İnsanlar, iletişim halindeyken kelimelerin ön planda olduğunu düşünür. Ancak iletişimin üçte ikisi sözel olmayan ve bedensel tepkilerle sağlanır.
Kişilerarası iletişim sırasında verilen bedensel tepkilerden fiziksel ve ruhsal yakınlığı en çok sağlayan şey gülmektir. Gülmek veya kahkaha atmak yüz, ses ve bedenimizi aynı anda çalıştırır. Yüz mimiklerimizde oluşan ufak ama etkisi büyük harekete ses ve beden tepkileri de eklenir.
Yüzünüzdeki 17 kası daha çok kullanmanızla yani daha fazla gülmenizle hayatınızda çok şeyler değişecek. Bu nedenle hayatınıza bolca kahkaha katın, çevrenizdeki insanların da size eşlik ettiğini göreceksiniz.
Türkiye’de her gün yaşanan olumsuzlukları bir kenara bırakıp kahkaha atmanın en basit yolu komedi dizi, film ve tiyatroları seyretmektir.
Van Hoof, insanların dişlerini göstererek gülmelerinin arkadaşlık yakınlığını ve gülerken ağzın açılmasının (özellikle bu harekete ses eşlik ettiğinde) ise mutluluğu arttırdığını kanıtlamıştır.
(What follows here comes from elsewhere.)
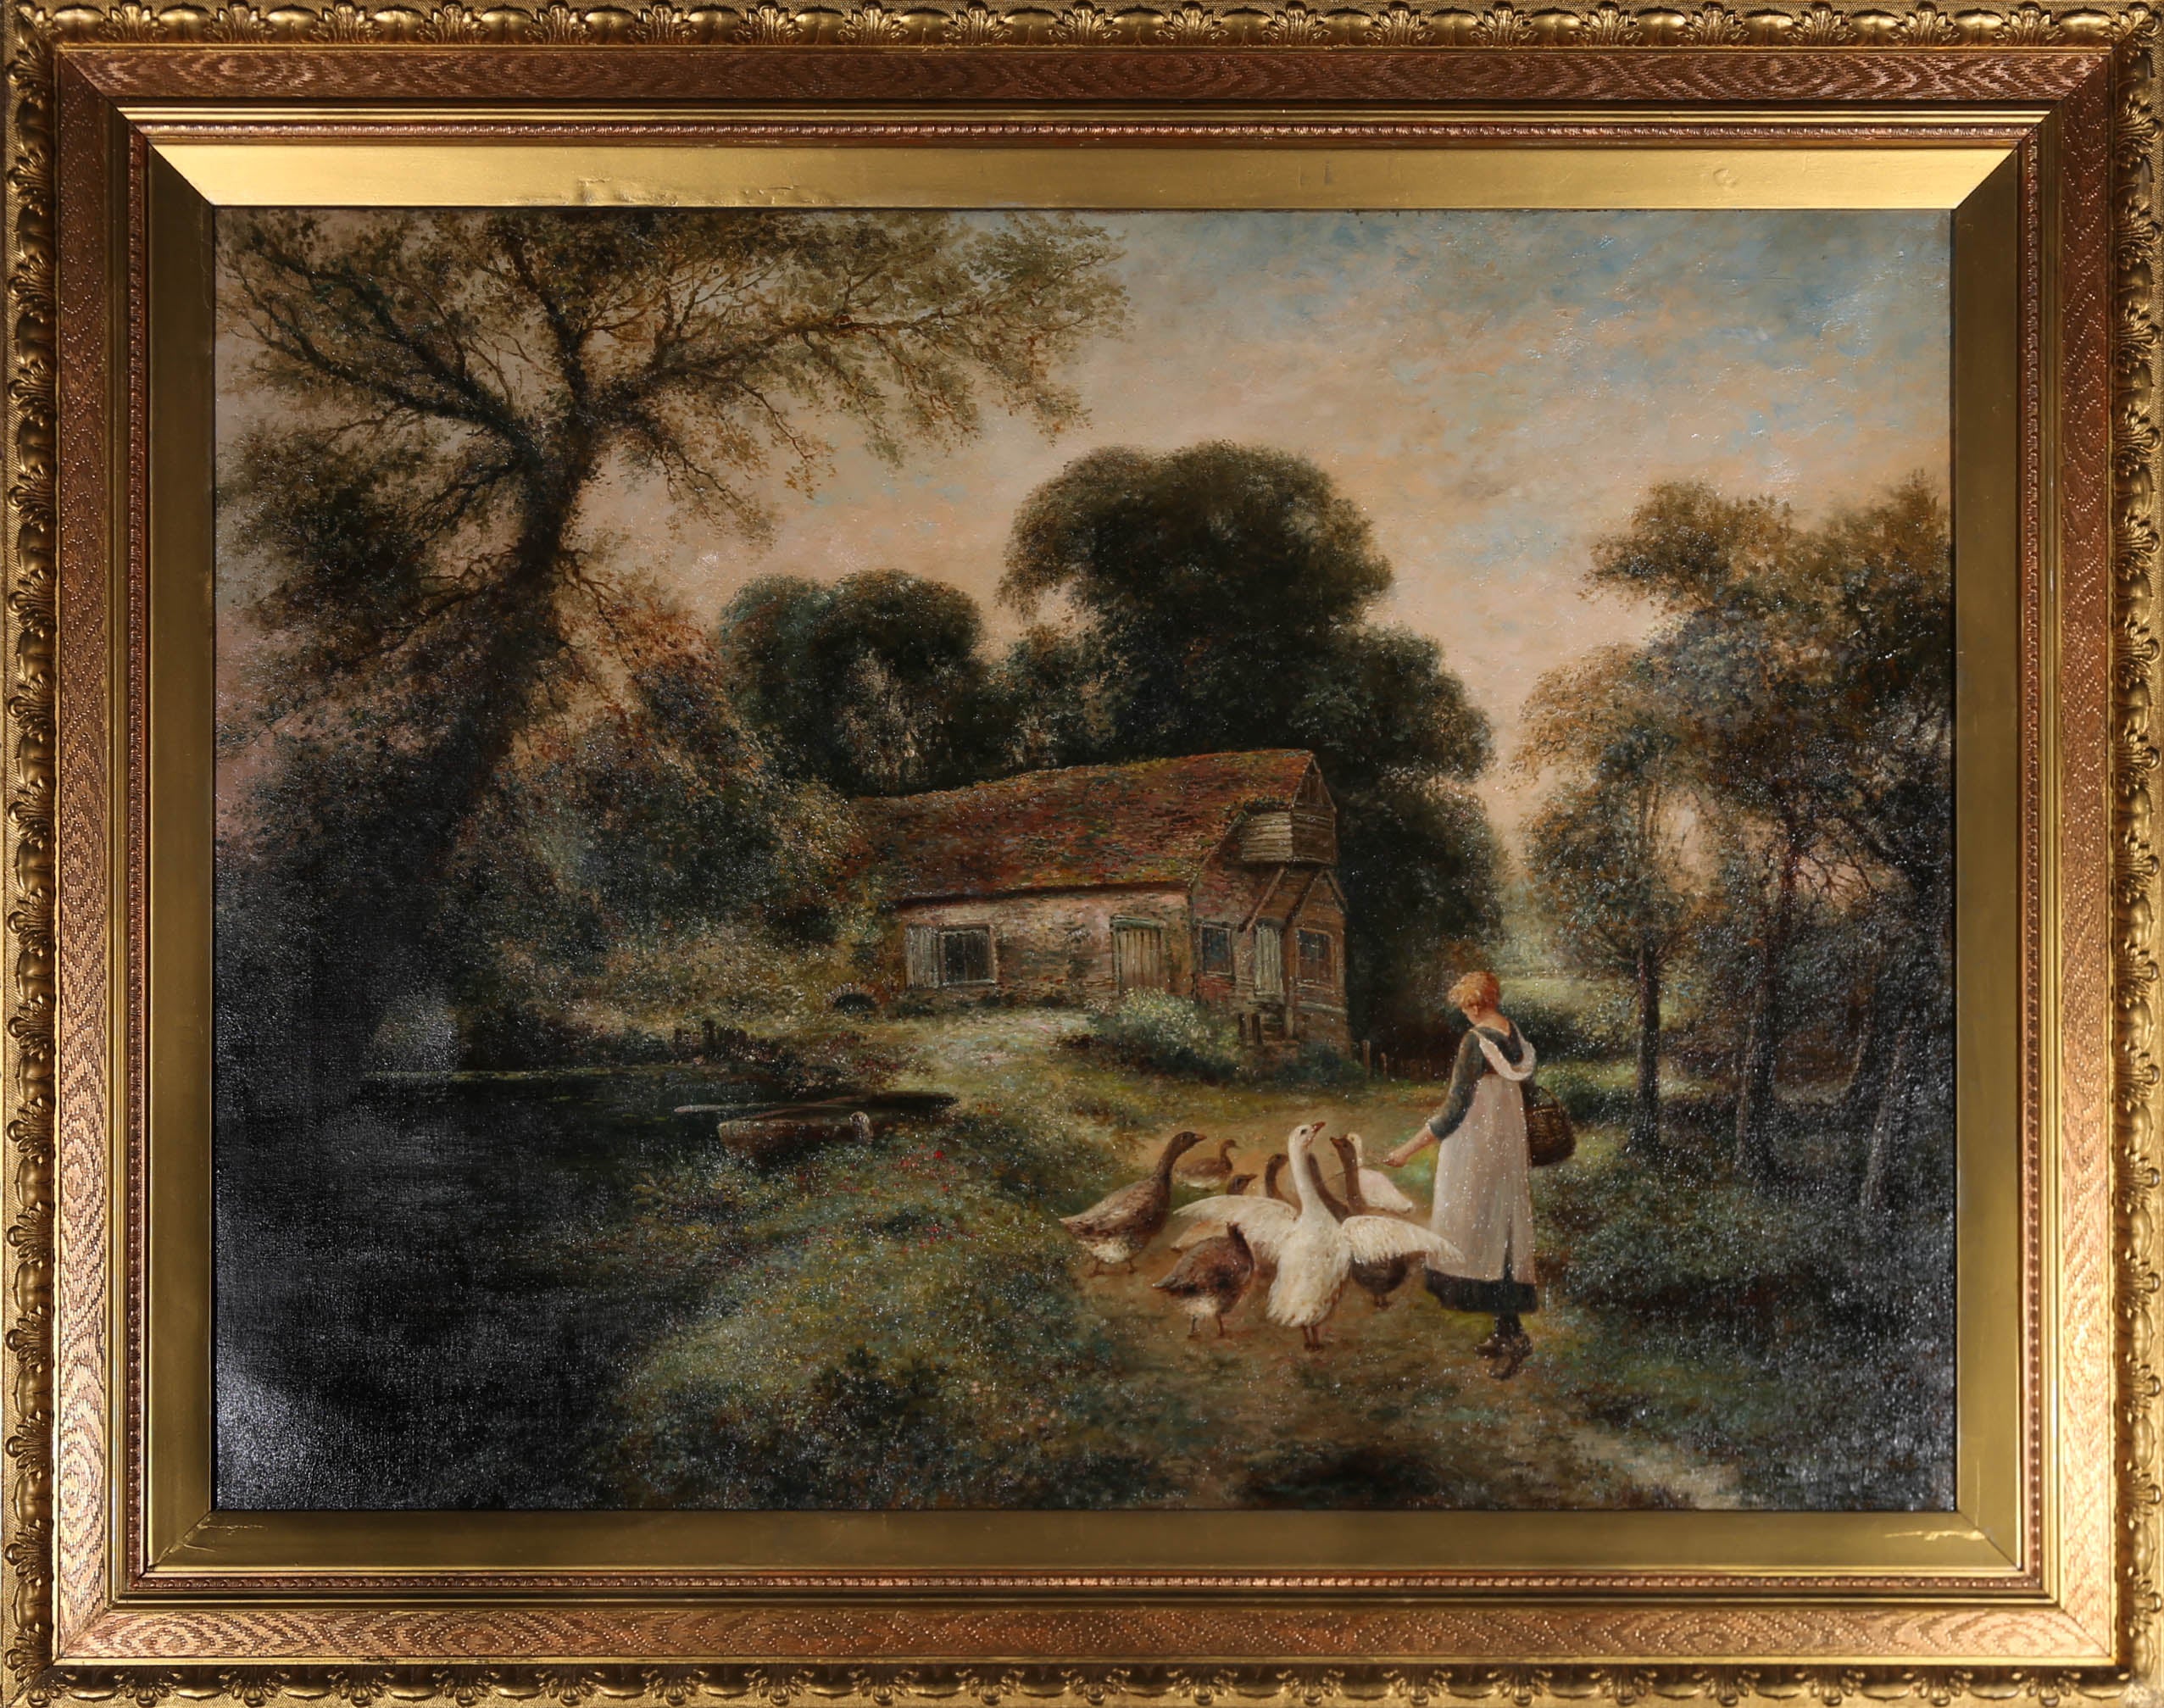 A charming turn of the Century oil scene, showing a young girl herding a flock of geese with a stick, outside of a thatched cottage in a leafy woodland. The artist has signed to the lower left corner and the painting has been presented in a fine

Bu tarz gülümseme de ancak içten gelen saf kahkahayla oluşabilir. Aynı zamanda bu içten kahkahanın oluşması için çevresel ve içsel koşulların olumlu olmasına ihtiyaç vardır. Döngüsel olarak, atılan her saf kahkaha da bu koşulları daha pozitif kılar.
Bir olaya, duruma veya söze kendi kendimize gülebilir ya da sadece aynadaki yansımamıza gülümseyebiliriz. Ama aslında gülmek paylaştıkça çoğalır ve bulaşıcıdır. Kişilerarası manevi bir bağlantı sağlar ve güldüğümüz zaman çoğunlukla karşımızdaki kişi de bize eşlik eder. Bu eşlik etme ve birlikte gülme ortak duygusal bir yakınlık doğurur. Yapılan araştırmalara göre odada gülen bir kişi olduğu zaman kişilerin genellikle daha çok güldükleri bulunmuştur. Kişilerin kahkahalarını paylaşacakları bir kişi olmayınca daha az güldükleri kanıtlanmıştır. Komedi dizilerinde de gülme efektinin kullanılmasının nedeni budur. Yani gülmek sosyal ilişkilerimize ve kişilerle olan yakınlığımıza katkı sağlar.
Gülmenin etkilerini sadece ilişkilerimizde değil, kendimizde de gözlemleyebiliriz. Gülmek rahatlamamıza yardım eder, stres seviyemizi azaltır ve mutluluk hormonu olarak da bilinen endorfinin daha fazla salgılanmasını sağlar. Kahkaha atmak içinde bulunduğumuz durum ve olaylara farklı bakış açılarıyla ve daha uzaktan bakabilmemizi sağlar. Bu sayede strese neden olan olayları çözmemiz kolaylaşır ve stresimiz azalır. Hakkımızda yapılan eleştirilere de daha toleranslı oluruz. Aynı zamanda samimiyetimizi pekişir ve insanlara göstermemek için önüne engel koyduğumuz gerçek duygularımız açığa çıkar. İçimizden geldiği gibi ve doğal davranmamızı sağlar.